How to Make Lemon White Bean Soup with Turkey and Greens Recipe

Step 1: Sauté the Aromatics and Veggies

Start by heating olive oil in a large pot over medium heat. Toss in the diced onion, sliced carrots, and celery. Sauté everything, stirring occasionally, for about 5 to 7 minutes. You’re looking for the veggies to soften and the onions to turn translucent; the aroma that fills your kitchen will let you know you’re on the right track.
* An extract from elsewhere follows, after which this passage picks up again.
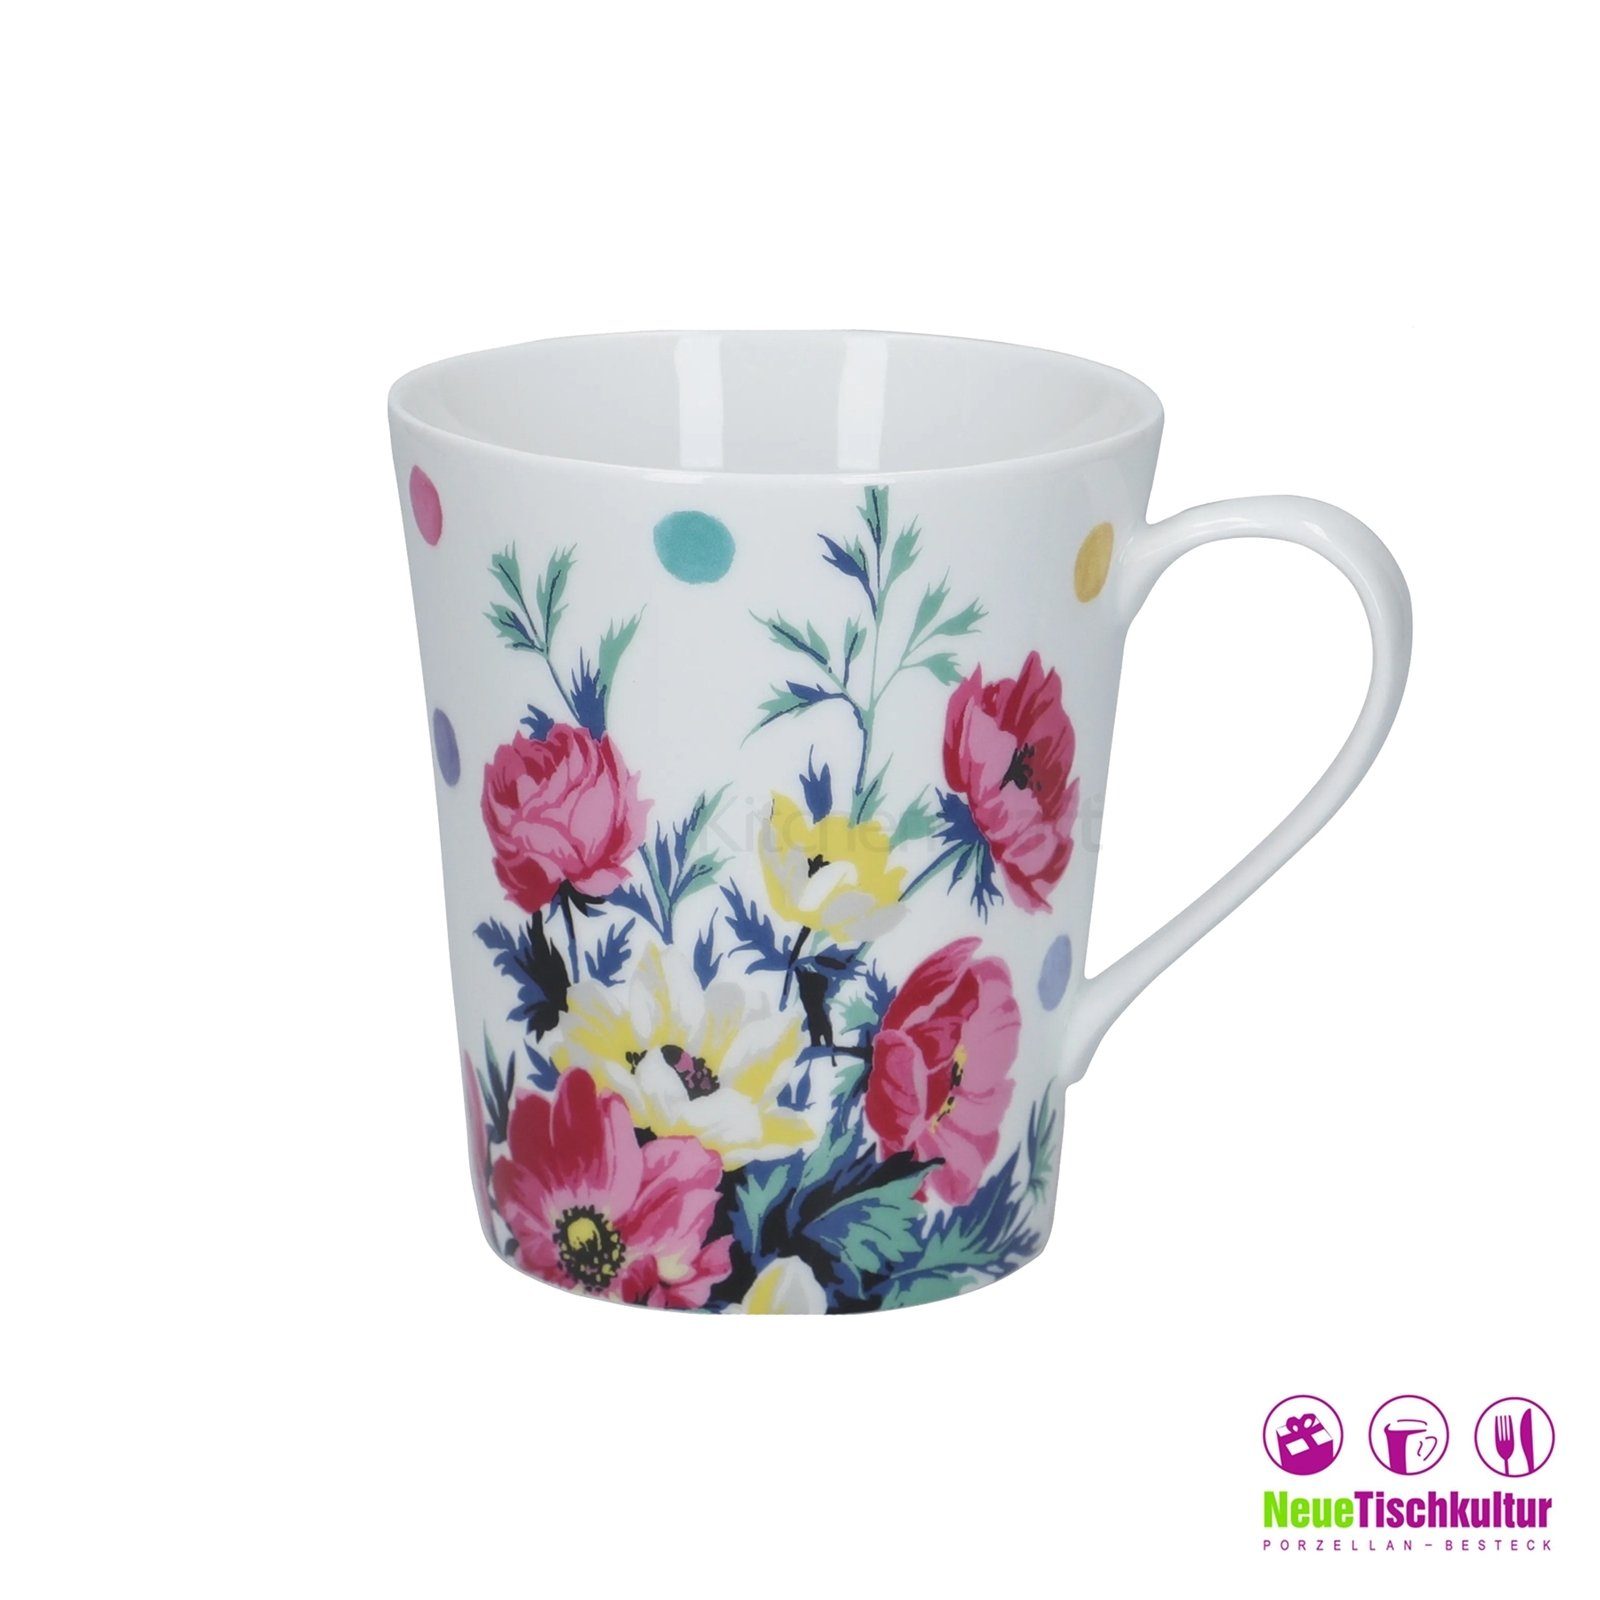 Porzellan Blumendekor Weiß Porzellan, Neuetischkultur Blume Tasse Mikasa, Bunt Kaffeebecher 4er-Set Kaffeetasse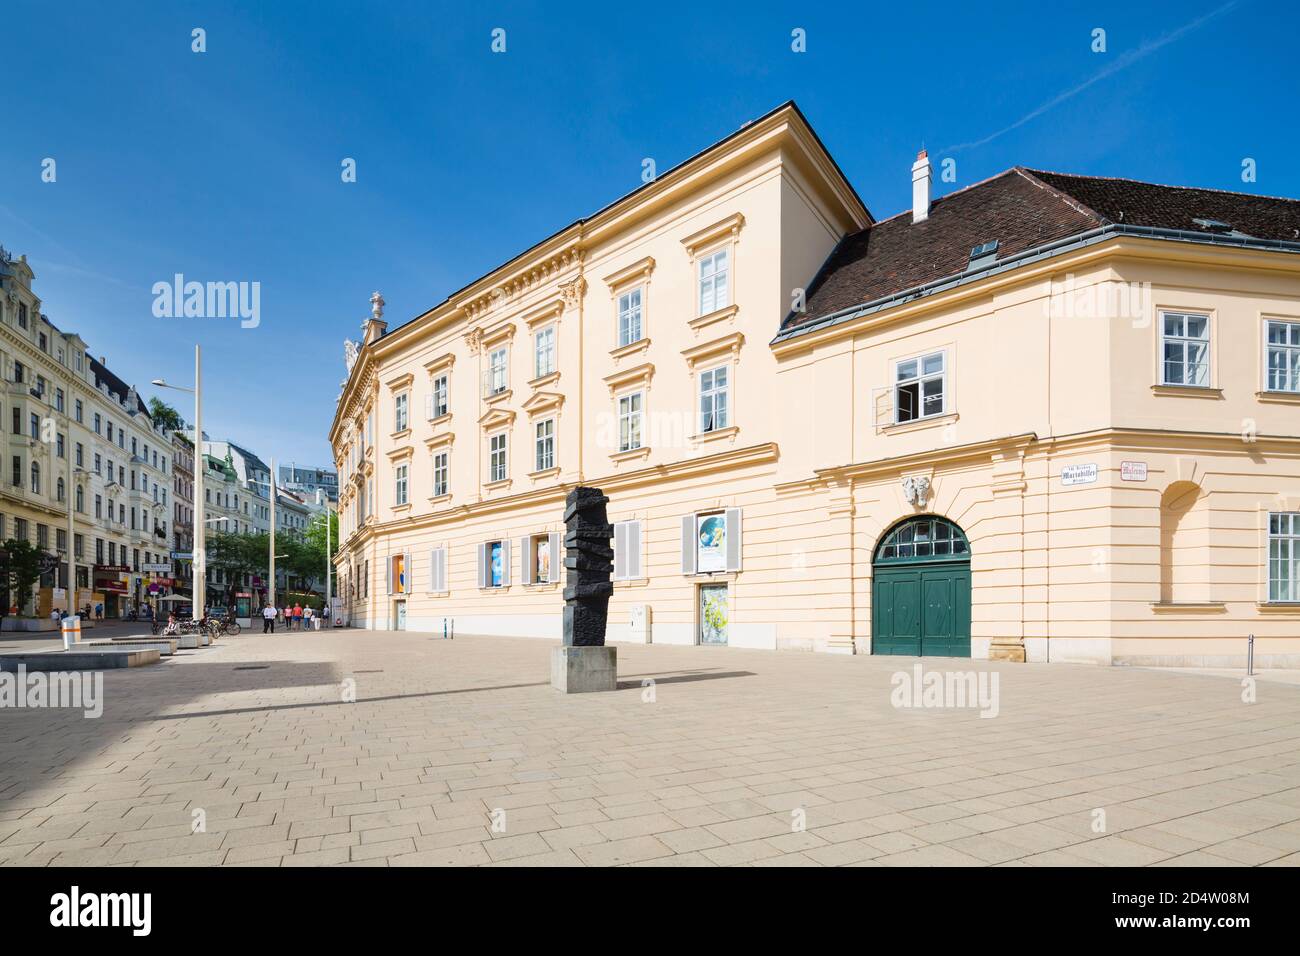 VIENNE - MAI 3 : édifice du théâtre Dschungel du Museumsquartier MQ à Vienne, Autriche, avec ciel bleu le 3 mai 2018 Banque D'Images

Step 2: Build Flavor with Herbs and Garlic

Next, add the minced garlic, dried thyme, dried oregano, and red pepper flakes (if using) to the softened veggies. Stir and let them cook for about a minute. This quick step draws out their fragrance and infuses the base of the Lemon White Bean Soup with Turkey and Greens Recipe with herby, garlicky warmth.

Step 3: Simmer the Soup Base

Pour in the chicken or turkey broth and bring the mixture up to a gentle simmer. Now add the drained white beans and cooked turkey. Let the soup bubble gently for about 10 minutes, which gives the flavors a chance to mingle and the beans to get nice and creamy.

Step 4: Add Greens for Color and Freshness

Stir in your fresh spinach or chopped kale, and let them wilt into the bubbling soup. This only takes 2 to 3 minutes, but don’t rush — the greens should turn bright and tender but not overcooked. This step is what gives your Lemon White Bean Soup with Turkey and Greens Recipe its irresistible pop of color and a boost of nutrients.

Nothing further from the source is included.